Now im really confused?

hmm thats odd, in my lecture notes i have a definition which says suppose f and g are differentiable at all x in (a,b) \ {c} and g'(x) doesnt = 0 for all x in (a,b)\{c} then
if l = limf'(c)/g'(c) as x--> c exists and = l then it is the limit as x--> x of f(x)/g(x)??

Now im really confused?

Yes, I'm sorry, your lecture notes are correct. But the limit still doesn't exist, like you can see in my link...

ok.

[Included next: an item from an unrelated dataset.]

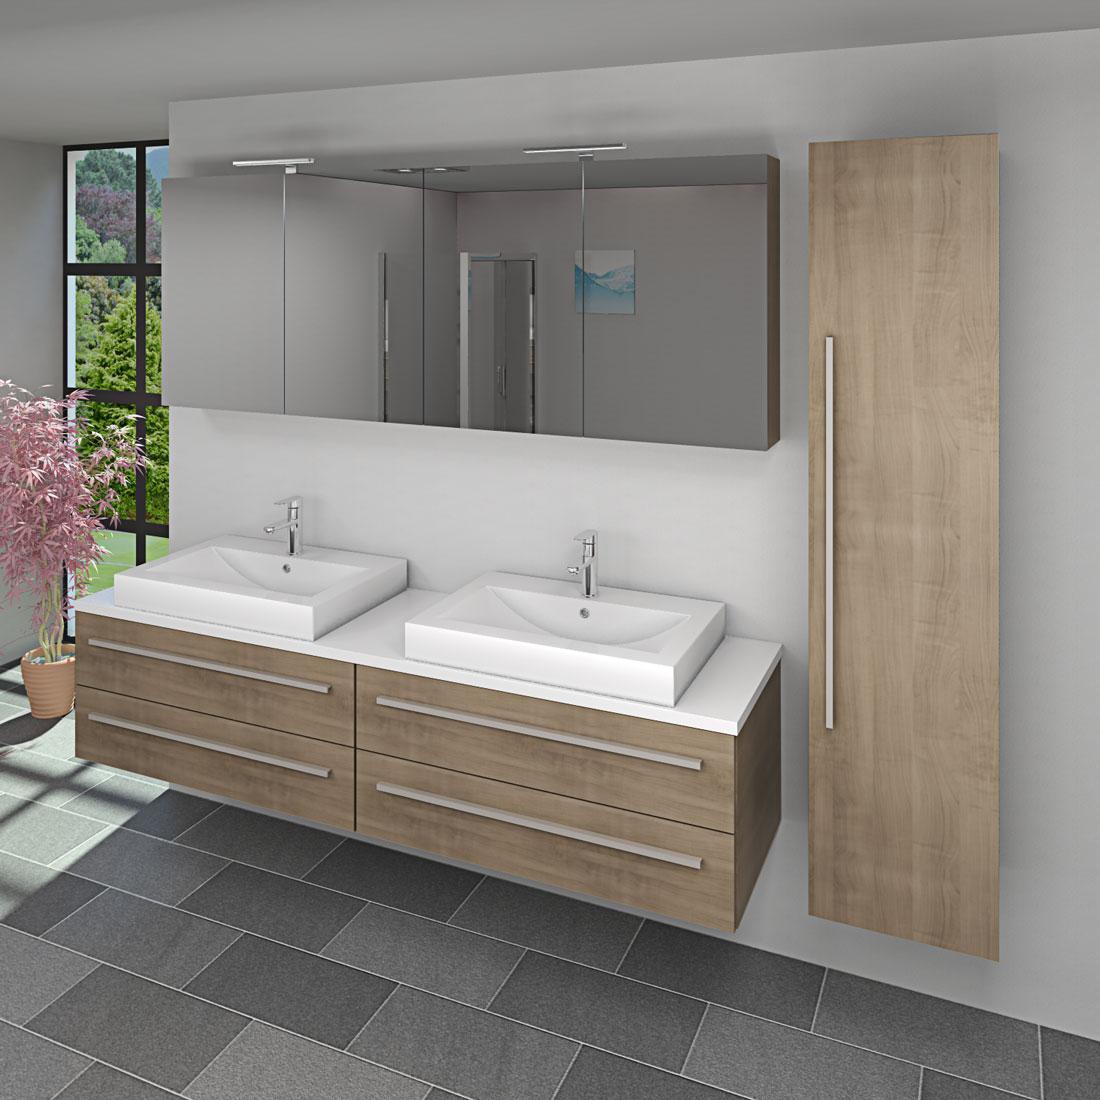 badm bel set city 201 v4 eiche hell badezimmerm bel waschtisch 200cm. Black Bedroom Furniture Sets. Home Design Ideas
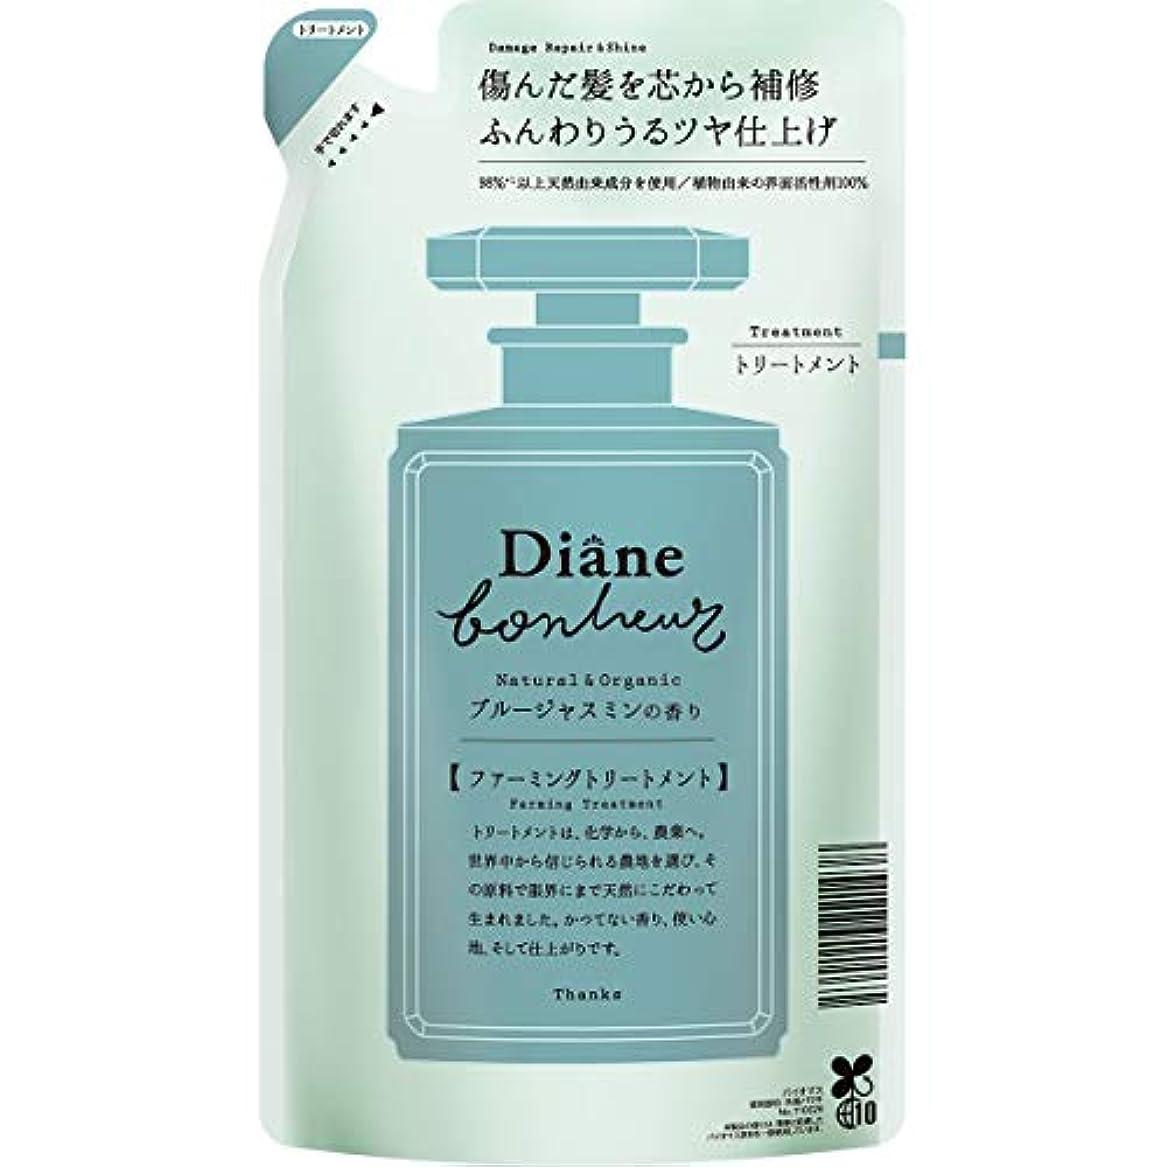 ダイアン ボヌール トリートメント ブルージャスミンの香り ダメージリペア&シャイン 詰め替え 400ml

So its true?

Try to prove it and find out!

You'll need to calculate

$$\lim_{h\rightarrow 0}{\frac{f(h)-f(0)}{h}}$$

So you'll need to know what f(0) is first...

is it 0? since thats the only way we would get f(x) / g(x) -> 1 as x-> 0 ?

Yes, it's 0! So you'll only need to calculate

$$\lim_{h\rightarrow 0}{\frac{f(h)}{h}}$$

now...

ermmm so do i say since f is continuous lim f(h) as h->0 = f(0) = 0
So the whole thing tends to one? argh not sure !?

ermmm so do i say since f is continuous lim f(h) as h->0 = f(0) = 0
So the whole thing tends to one? argh not sure !?

f(h) tends to 0, but h also tends to 0, so you have a "0/0" situation. You cannot say that the whole thing tends to 1...

L hopitals?

No, since you don't know if f is differentiable.

Try to do something with your g...

No idea what you mean.. how can i use g to show something about f

You could introduce g in that limit somehow.